How long does it take to completely cure leprosy?
There are two different types of leprosy bacteria: Paucibacillary leprosy and Multibacillary leprosy. The diagnosis is clinical and we provide drugs for six or twelve months in a multi-drug therapy. Completing this therapy can cure the disease. The problem is the possibility of disabilities and the reaction to the treatment. The cutaneous lesion of Leprosy has to be differentiated from other skin disease. Patients are often referred to dermatologists.
We need to find and detect Leprosy cases early and treat them before the appearance of serious health issues.

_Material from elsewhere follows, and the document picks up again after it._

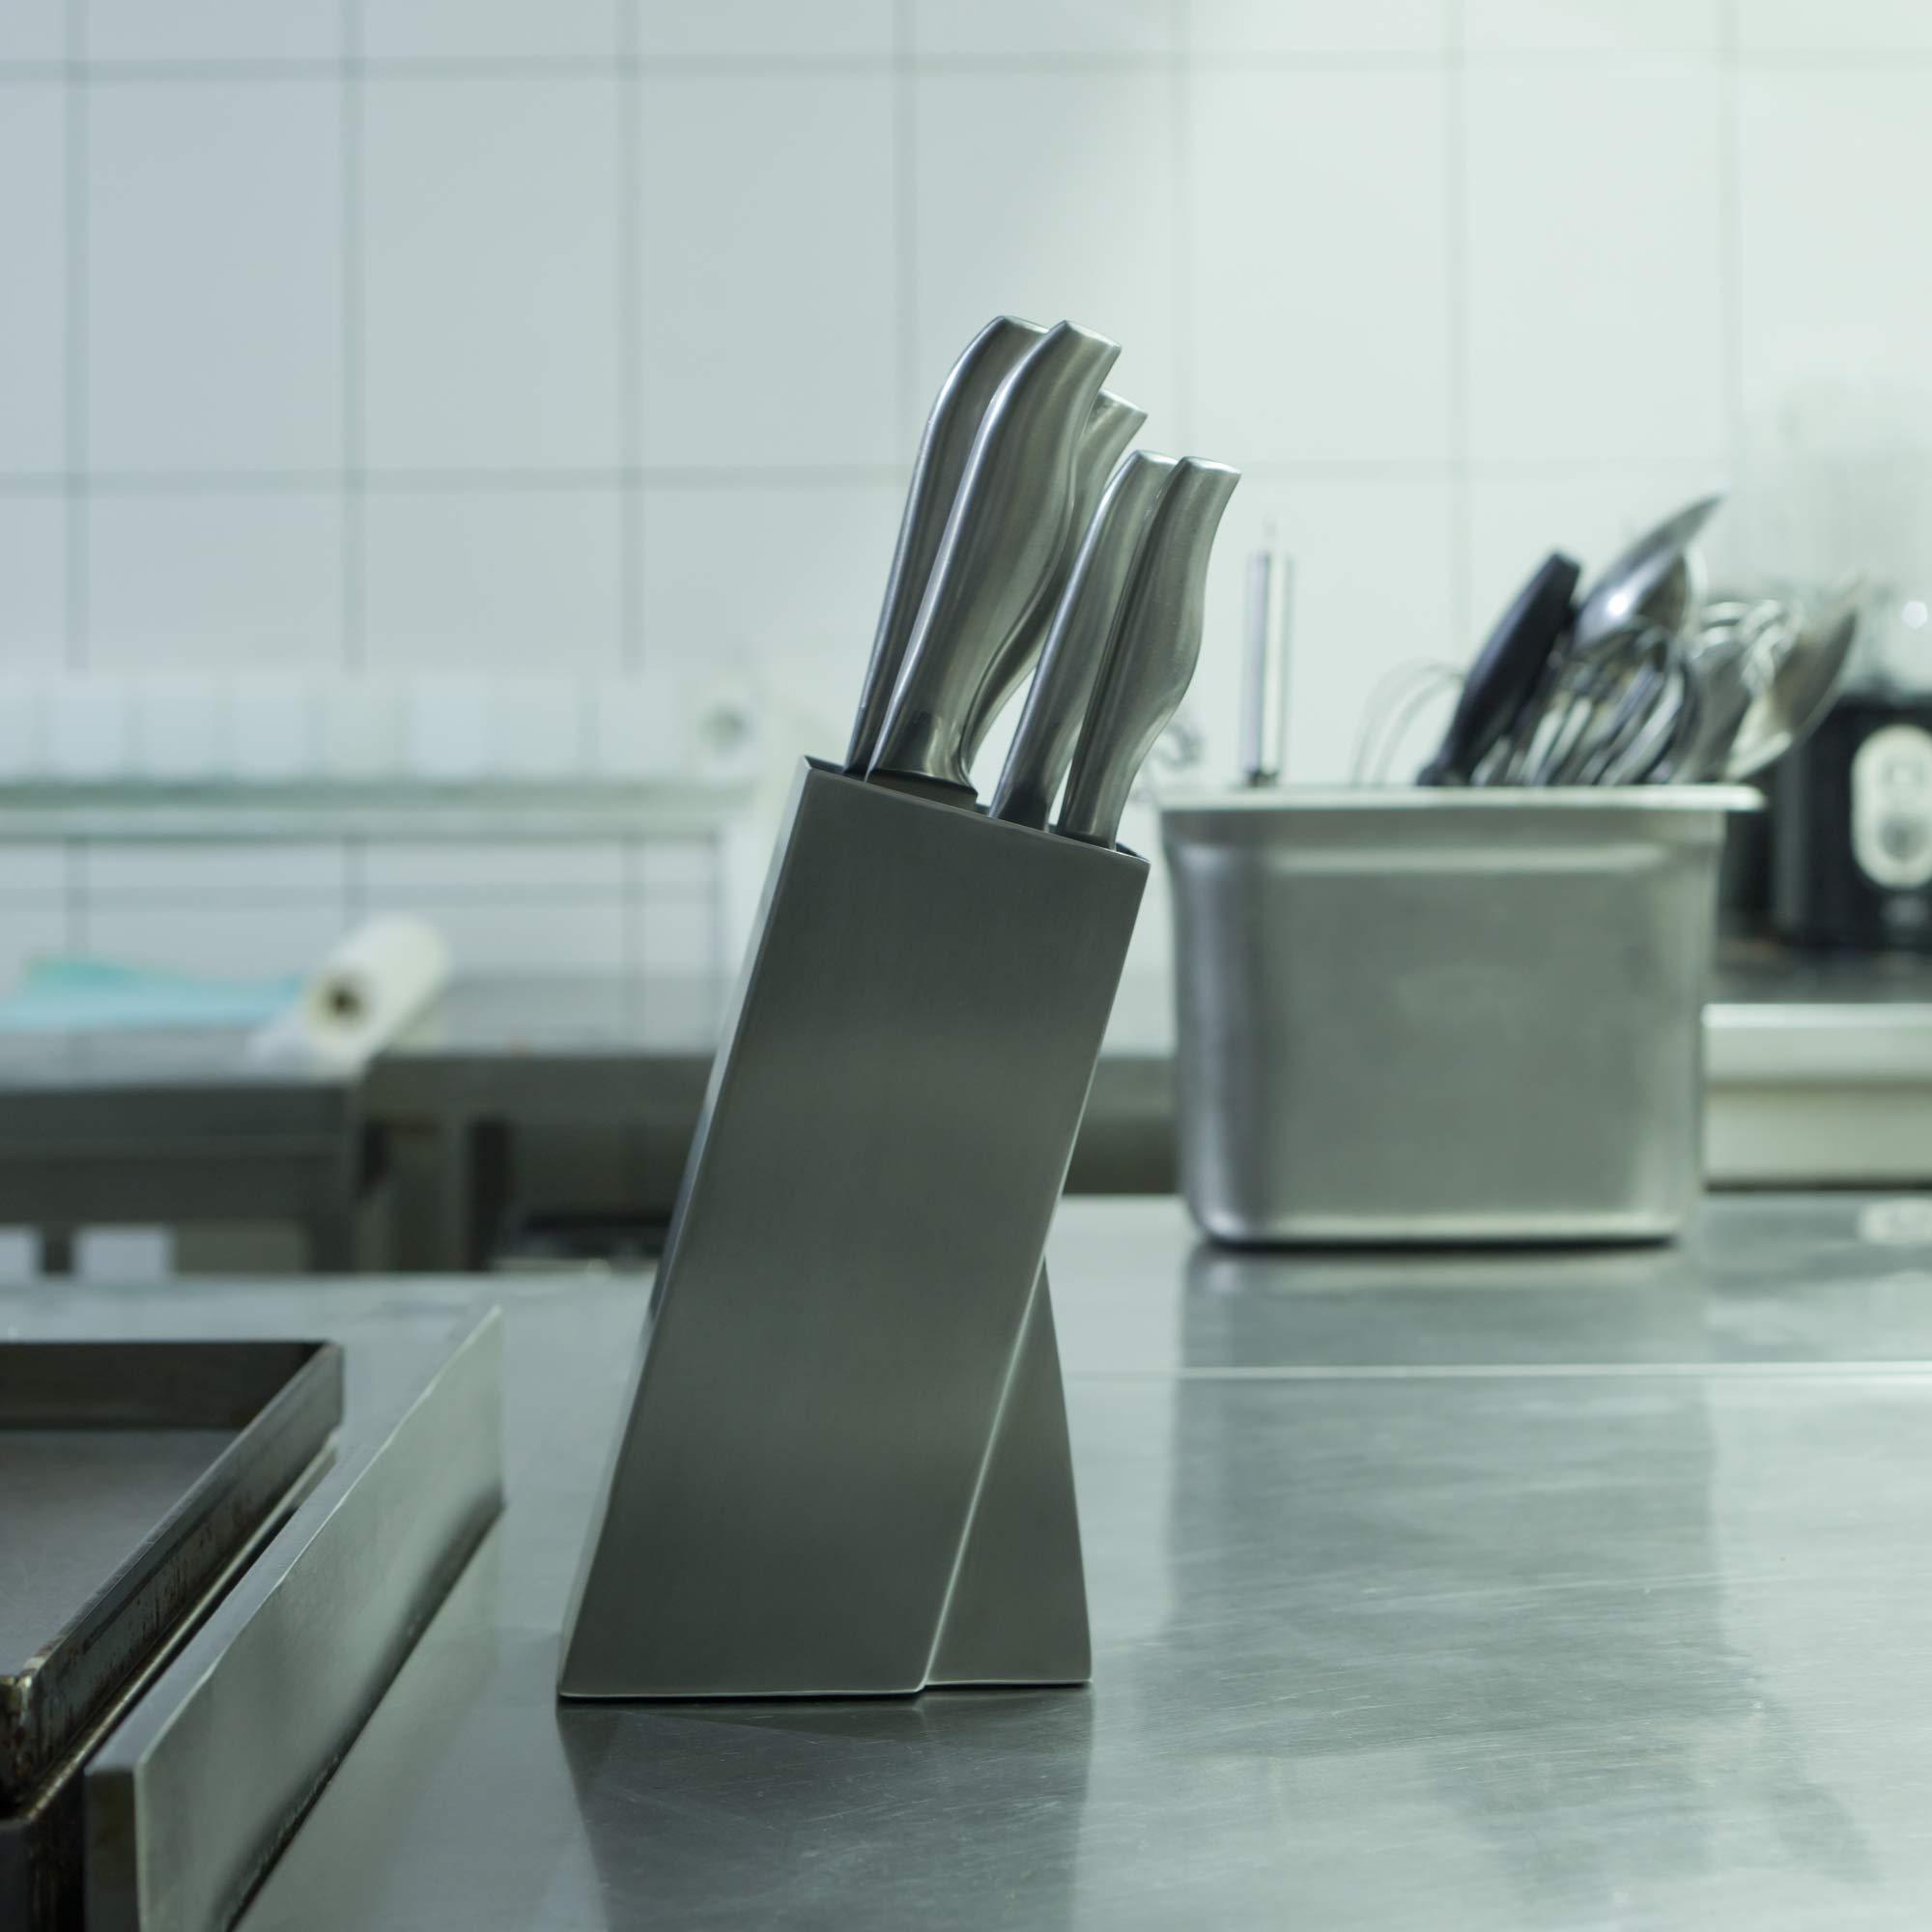 Universal Stainless Steel Knife Block Organizer – For Safe Kitchen Knife Holder Easy Clean Dishwasher Safe – Space Saver Knife Storage Stand by Leeffood (Image #7)

The problem arises when leprosy bacteria start to attack the peripheral nervous system, with inflammation of the nerves, leading to the insensitivity of the hands, feet and cornea. Also, the motor nerves can be attacked which can lead to paralysis of the fingers, the feet or the eyelids. Paralysis of the eyelids may eventually lead to blindness. These nerve issues are the most worrisome and the most dangerous. Therefore, we try to detect patients as soon as possible to prevent these outcomes. Unfortunately, there are several patients who are only diagnosed after these nerve-related issues start.
What have been the changes from when you started working to now in the context of the situation of leprosy and tuberculosis in Nepal?
Over the last three years, due to Covid-19, the number of new patients detected and reported was also influenced by it.
From the programmatic perspective, the government has introduced new TB drugs, increased testing and installed many GeneXpert machines, enhanced lab capacities and so on to test drug resistance. Similarly, leprosy control and disability management section of Epidemiology and Disease Control Division, Ministry of Health and Population has adopted roadmap to Zero Leprosy 2030. So, despite COVID 19 Pandemic, the efforts have been made and government of Nepal has taken various steps to contain these diseases.